Starting with the line that has "The best list" in the records below and stopping after the line that has "Freshman middle blocker", output every line exactly and nothing else; skip pictures.

:: Stored data

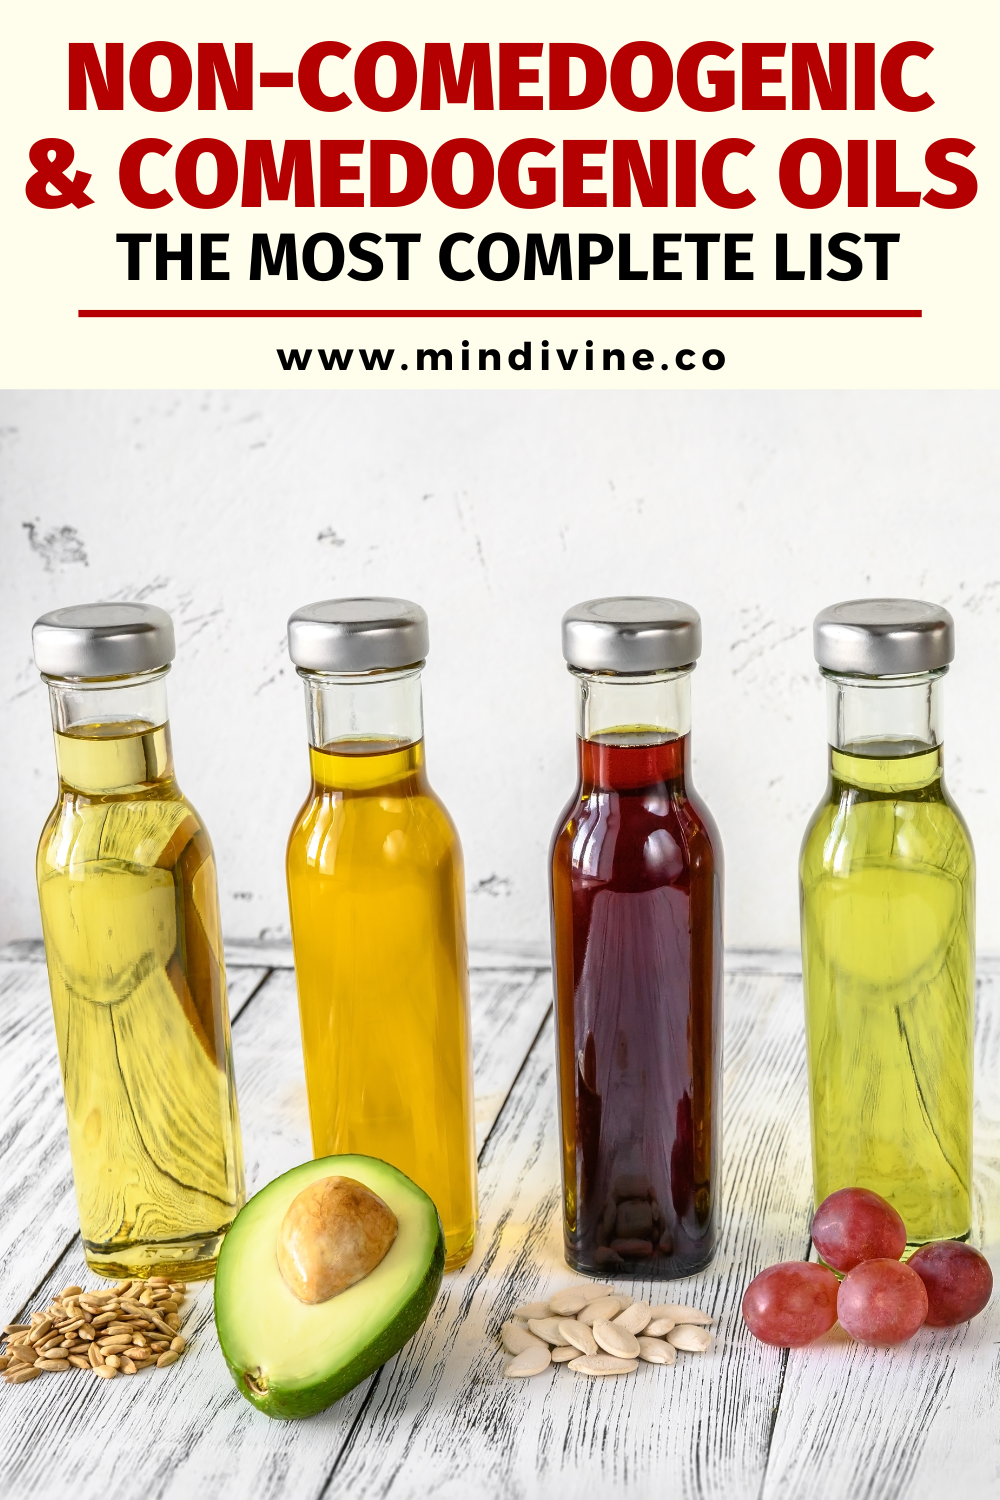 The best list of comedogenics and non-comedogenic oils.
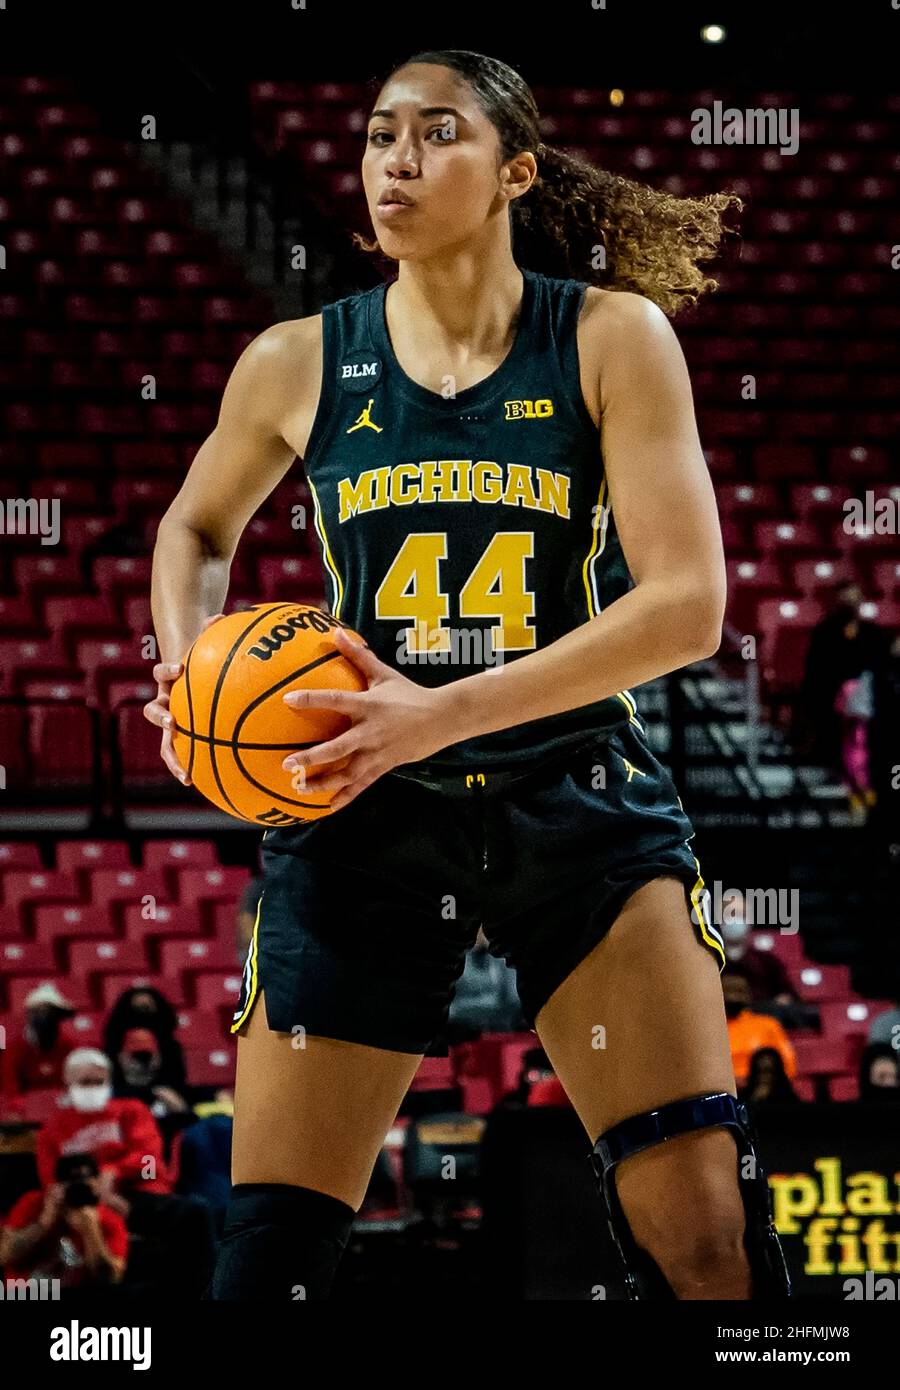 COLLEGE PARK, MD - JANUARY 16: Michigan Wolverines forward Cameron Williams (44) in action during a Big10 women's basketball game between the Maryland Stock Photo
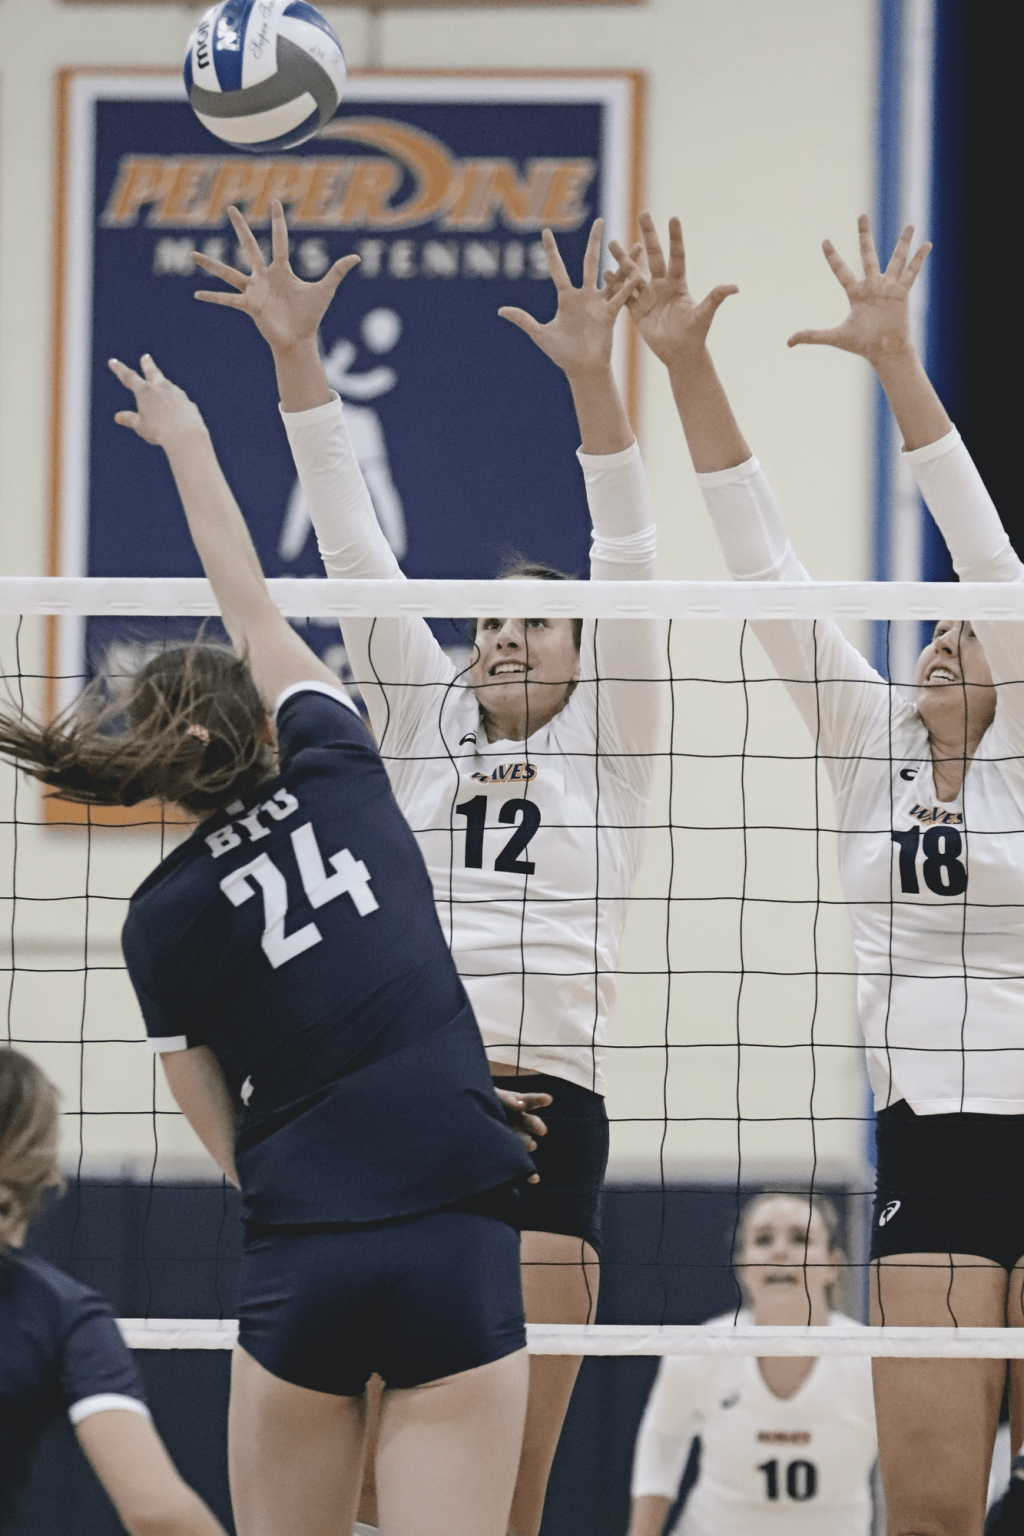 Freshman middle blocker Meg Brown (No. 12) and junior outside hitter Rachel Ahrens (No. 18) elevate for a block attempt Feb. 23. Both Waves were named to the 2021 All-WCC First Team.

::::
:: Stored data

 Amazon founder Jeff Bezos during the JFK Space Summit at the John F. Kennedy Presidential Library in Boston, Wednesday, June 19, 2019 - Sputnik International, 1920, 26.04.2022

::::

Solved exercise |
 The best list of comedogenics and non-comedogenic oils.
 COLLEGE PARK, MD - JANUARY 16: Michigan Wolverines forward Cameron Williams (44) in action during a Big10 women's basketball game between the Maryland Stock Photo
 Freshman middle blocker Meg Brown (No. 12) and junior outside hitter Rachel Ahrens (No. 18) elevate for a block attempt Feb. 23. Both Waves were named to the 2021 All-WCC First Team.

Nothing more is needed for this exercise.